И смеялся он сухо, страшно сверкая глазами.

— Что мне до этого?

Кто-то постучал в дверь. Вошел слуга.

— Пане!

— Что тебе надо и зачем ты входишь?

— Пришла какая-то Павлова.

— Зачем?

— Не знаю.

— Зови!

Вошла дрожащая, заплаканная старуха.

— Что там?

— Бартош возвратился.

— Ну?

— Меня вытолкал, сжег дом, а сам с дочерью ушел в лес куда-то.

— С дочерью? В лес! — повторил Ян, как бы в беспамятстве. — Ну, что же, пусть идут себе с Богом!

— Куда же я денусь, несчастная?

— Тебе дадут угол. Ян махнул рукой.

— Бойся Бога, панич, — сказала, уходя, Павлова. — Не шути, а берегись; старик готов сделать с тобой что-нибудь недоброе.

— Он? Со мною?

И Ян рассмеялся, пожимая плечами с гордостью, гневом и презрением.

Через неделю в Сумаге снова шумела толпа, снова была оргия у Яна в кругу товарищей, которые на приглашение слетелись, как собаки на свист. Опять скачут кони, лают пуделя и легавые, хлопают пробки — паны веселятся.

Среди веселья и гостей один Ян невесел, хотя жив в движениях, хотя приветливо разговаривает, громко смеется, побуждает на попойку, придвигает рюмки, вызывает на бесстыдные рассказы. И часто вырывается у него вздох в половине шутки, и Ян поведет вдруг глазами, как бы ищет кого, как бы ожидает чего, или боится; замолчит, сядет и задумается.

— Что это делается с Яном? — спрашивают приятели.

— А нечистый его знает! Может быть нездоров!

— Он?

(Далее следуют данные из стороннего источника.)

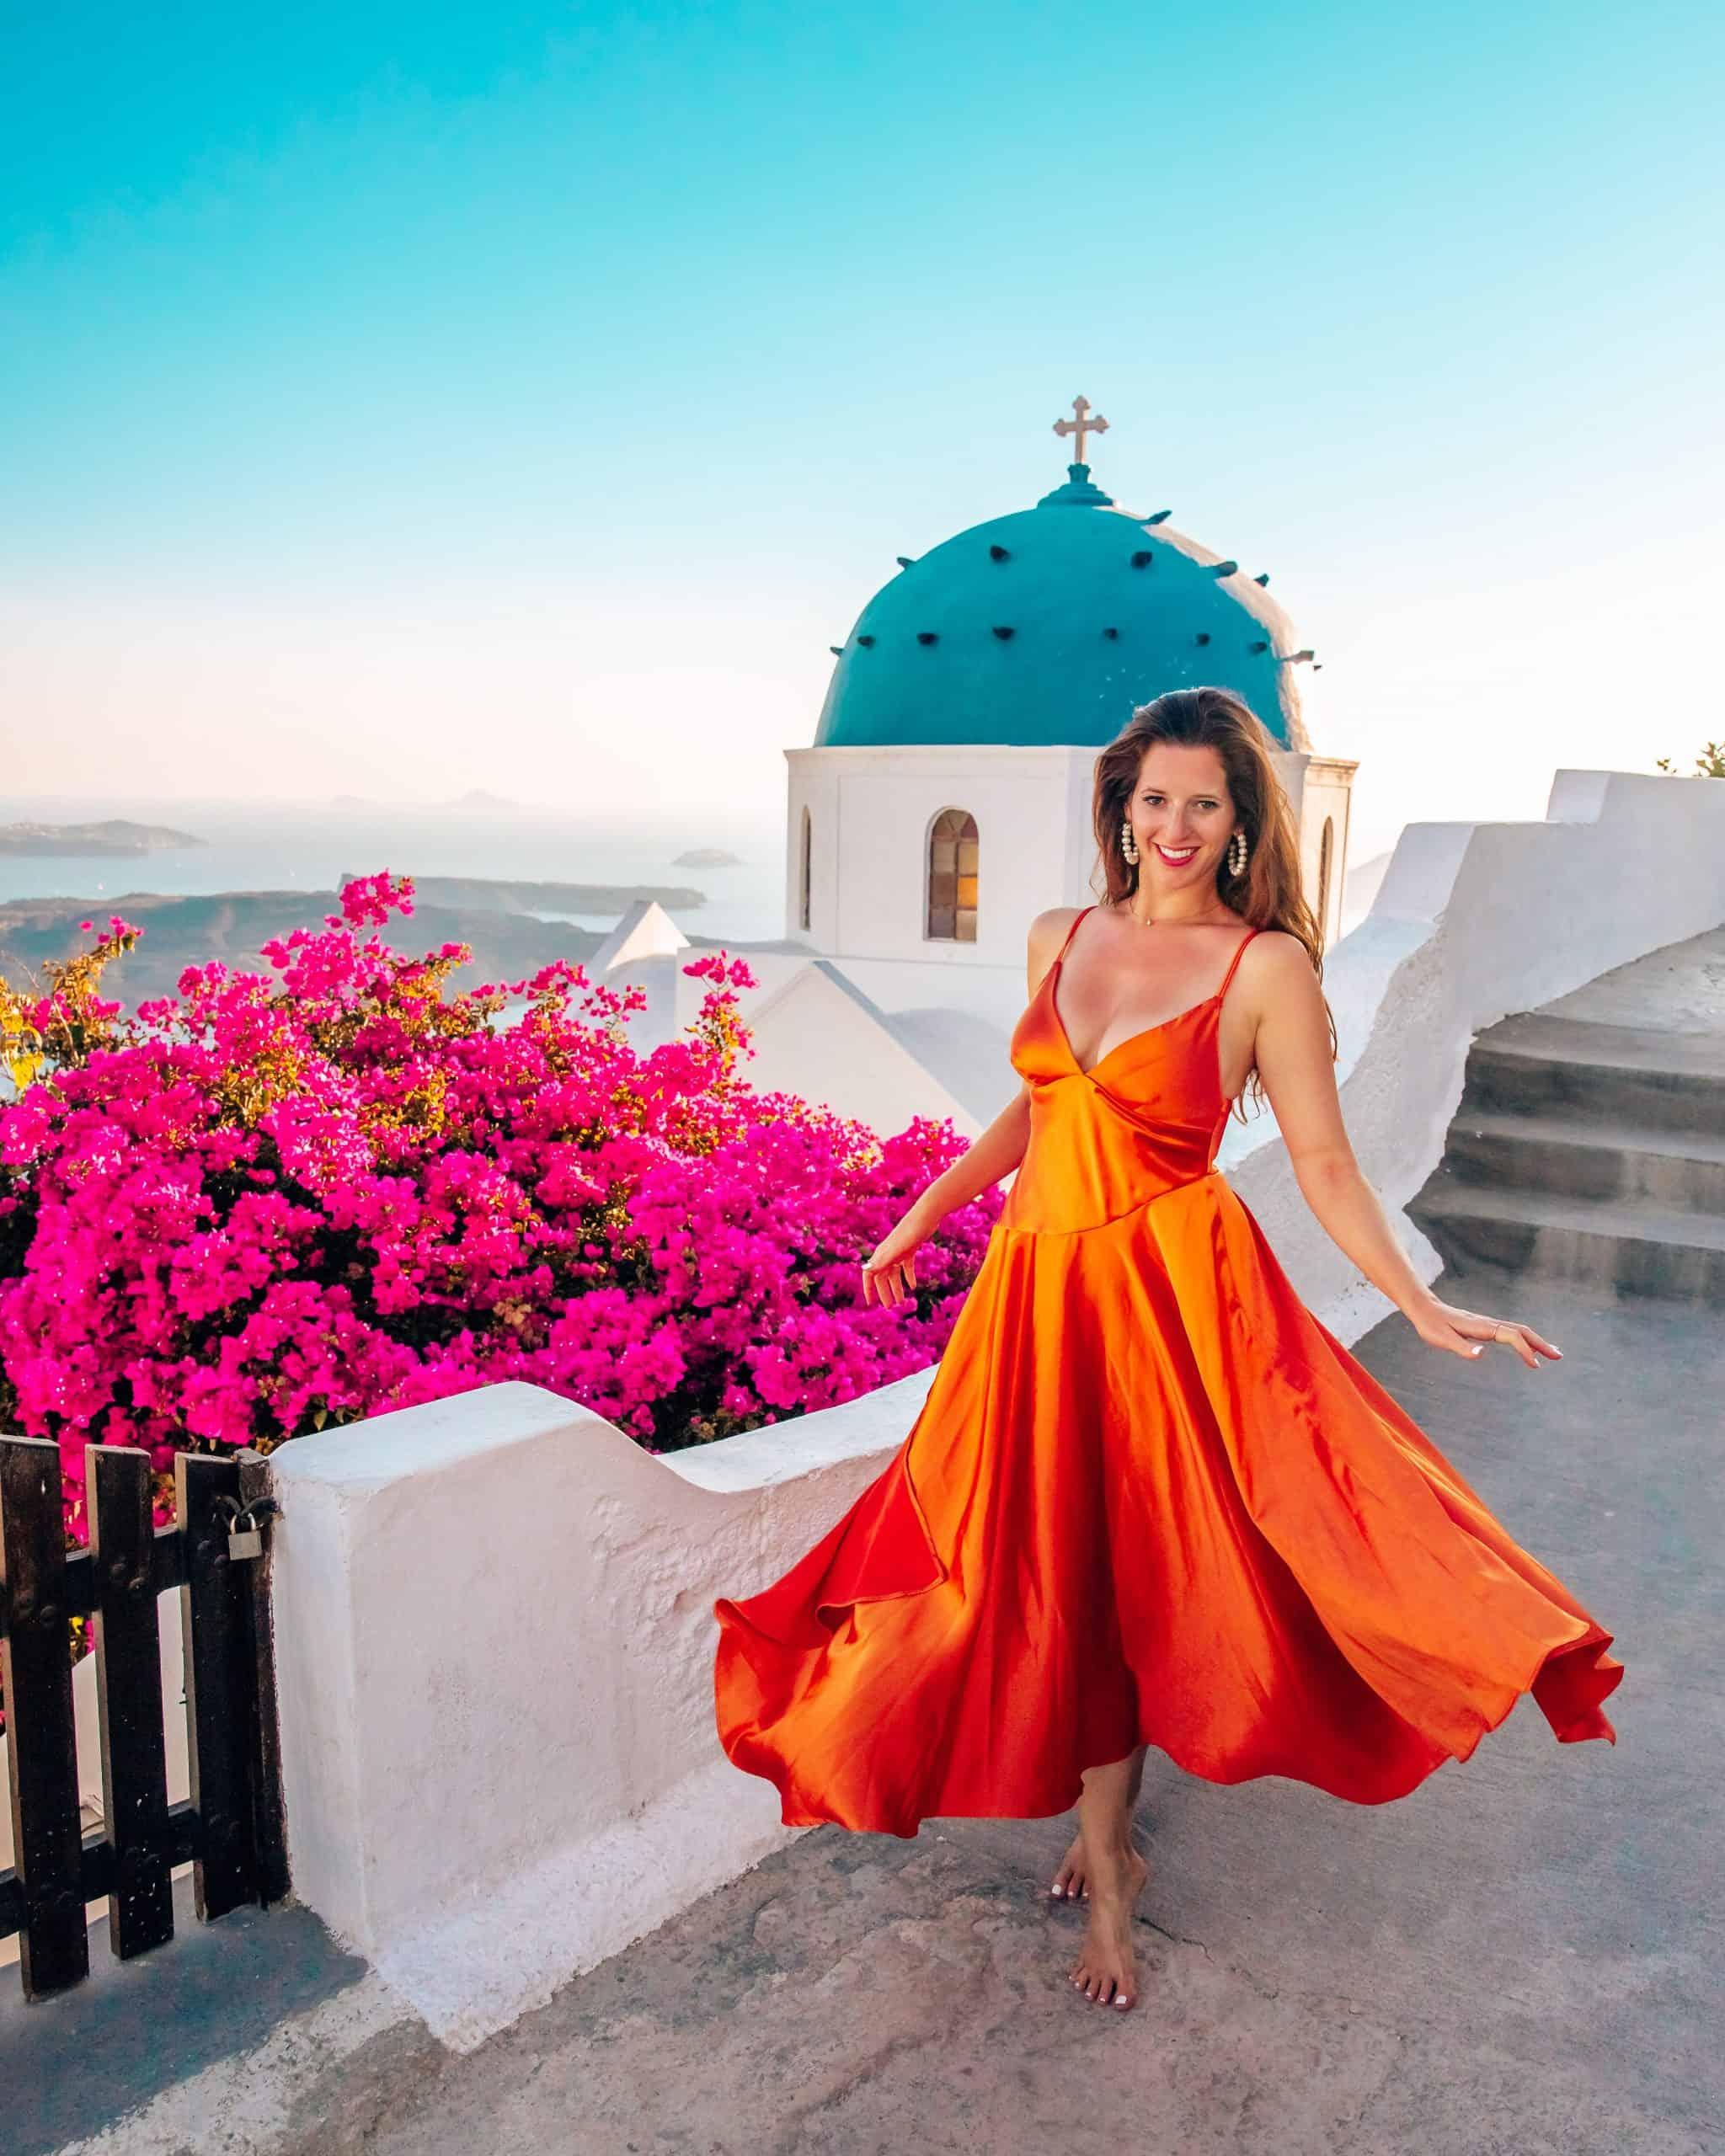 Bettina in Orange Dress at Blue Dome Church in Imerovigli, Santorini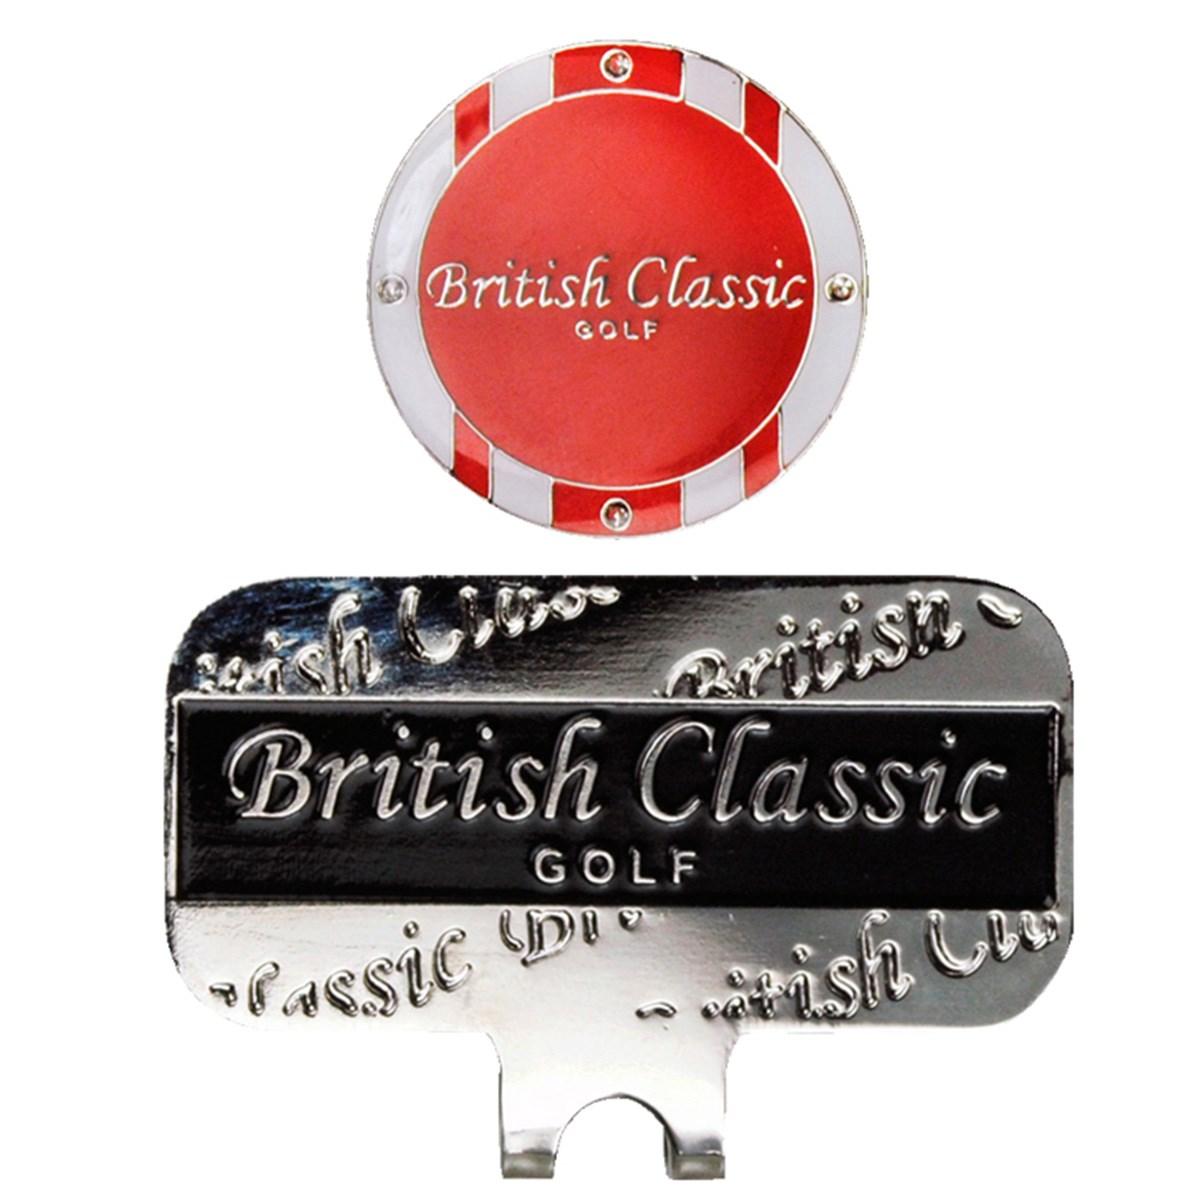 その他メーカー British Classic クリップマーカー

Дай Бог, чтобы мои лошади были всегда так здоровы!

— Должно быть, беспокоит его та девушка, которая, говорят, сошла с ума из любви к нему. Вероятно, вы знаете о ней; я ее видел, — хорошенькая.

— Обезумела! Смотрите каково! Но он иногда слишком далеко простирает шутки. Знаете, он меня один раз травил борзыми.

— Думал, что ты лисица и не очень ошибся.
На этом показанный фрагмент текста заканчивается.